CINECA, Bologna, Italy.
BMC Med Inform Decis Mak. 2012 Nov 13;12:129. doi: 10.1186/1472-6947-12-129.
Immunological strategies that achieve the prevention of tumor growth are based on the presumption that the immune system, if triggered before tumor onset, could be able to defend from specific cancers. In supporting this assertion, in the last decade active immunization approaches prevented some virus-related cancers in humans.

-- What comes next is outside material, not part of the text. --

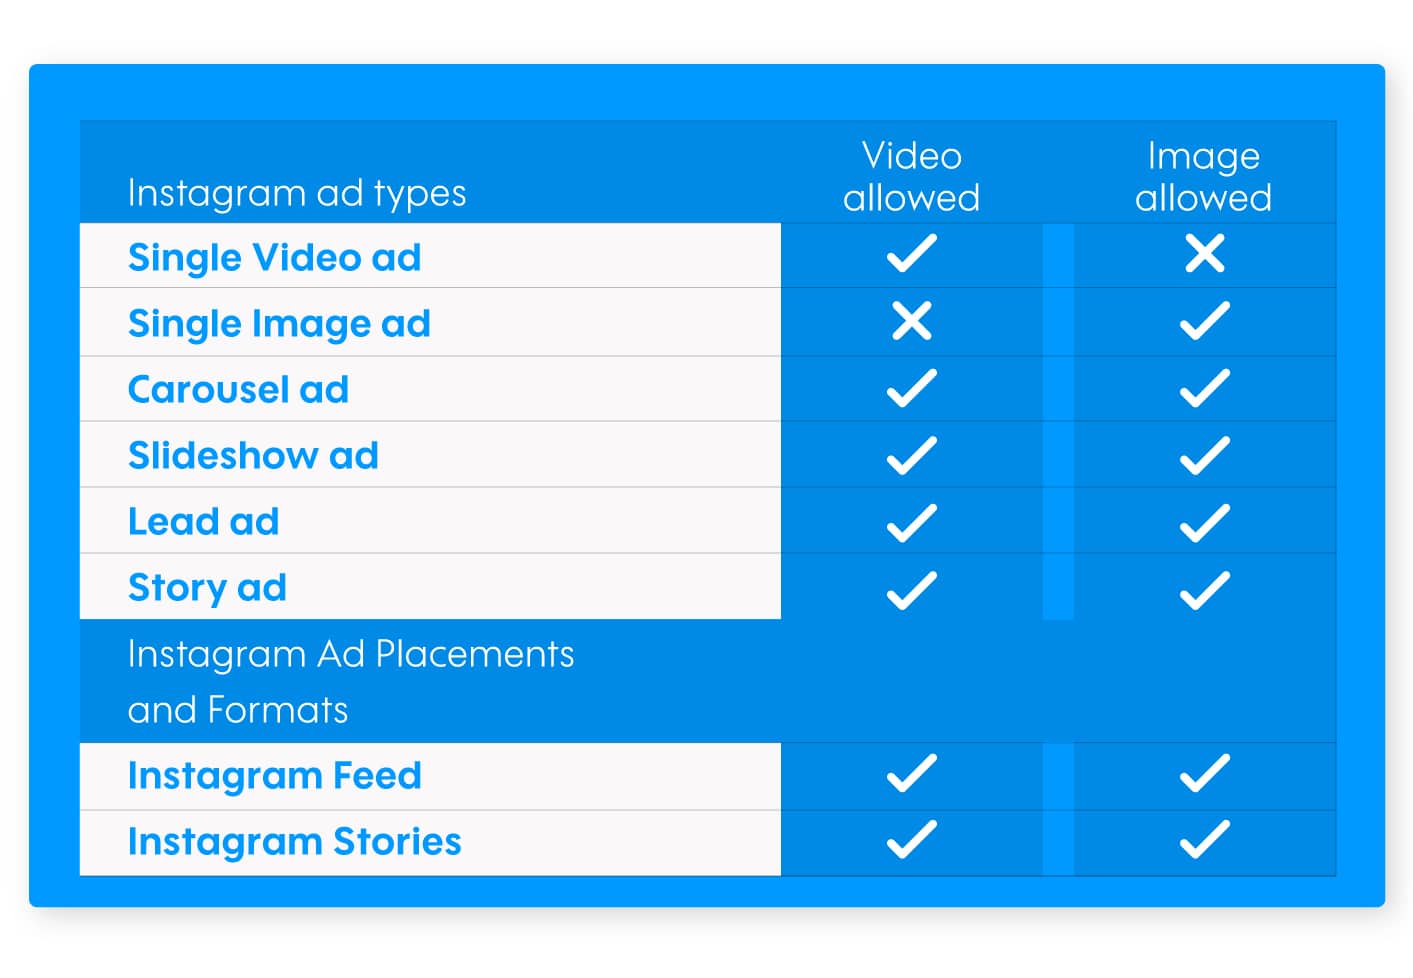 Instagram ad types and placements

An immunopreventive cell vaccine for the non-virus-related human breast cancer has been recently developed. This vaccine, called Triplex, targets the HER-2-neu oncogene in HER-2/neu transgenic mice and has shown to almost completely prevent HER-2/neu-driven mammary carcinogenesis when administered with an intensive and life-long schedule.
To better understand the preventive efficacy of the Triplex vaccine in reduced schedules we employed a computational approach. The computer model developed allowed us to test in silico specific vaccination schedules in the quest for optimality. Specifically here we present a parallel genetic algorithm able to suggest optimal vaccination schedule.

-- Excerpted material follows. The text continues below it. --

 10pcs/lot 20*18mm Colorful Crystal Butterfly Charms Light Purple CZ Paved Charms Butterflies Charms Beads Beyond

RESULTS & CONCLUSIONS: The enormous complexity of combinatorial space to be explored makes this approach the only possible one. The suggested schedule was then tested in vivo, giving good results. Finally, biologically relevant outcomes of optimization are presented.
旨在预防肿瘤生长的免疫策略基于这样一种假设,即免疫系统如果在肿瘤发生之前被触发,就能够抵御特定的癌症。支持这一说法的是,在过去十年中,主动免疫方法预防了人类的一些与病毒相关的癌症。最近开发了一种用于非病毒相关人类乳腺癌的免疫预防细胞疫苗。这种名为 Triplex 的疫苗针对 HER-2/neu 转基因小鼠中的 HER-2-neu 致癌基因,当按照强化和终身方案给药时,已显示出几乎完全预防 HER-2/neu 驱动的乳腺肿瘤发生。
为了更好地了解 Triplex 疫苗在减少方案中的预防效果,我们采用了计算方法。所开发的计算机模型使我们能够在寻求最佳方案时在计算机上测试特定的疫苗接种方案。具体来说,这里我们提出了一种并行遗传算法,能够提出最佳的疫苗接种方案。
组合空间的巨大复杂性使得这种方法成为唯一可行的方法。然后在体内测试了建议的方案,结果良好。最后,提出了优化的生物学相关结果。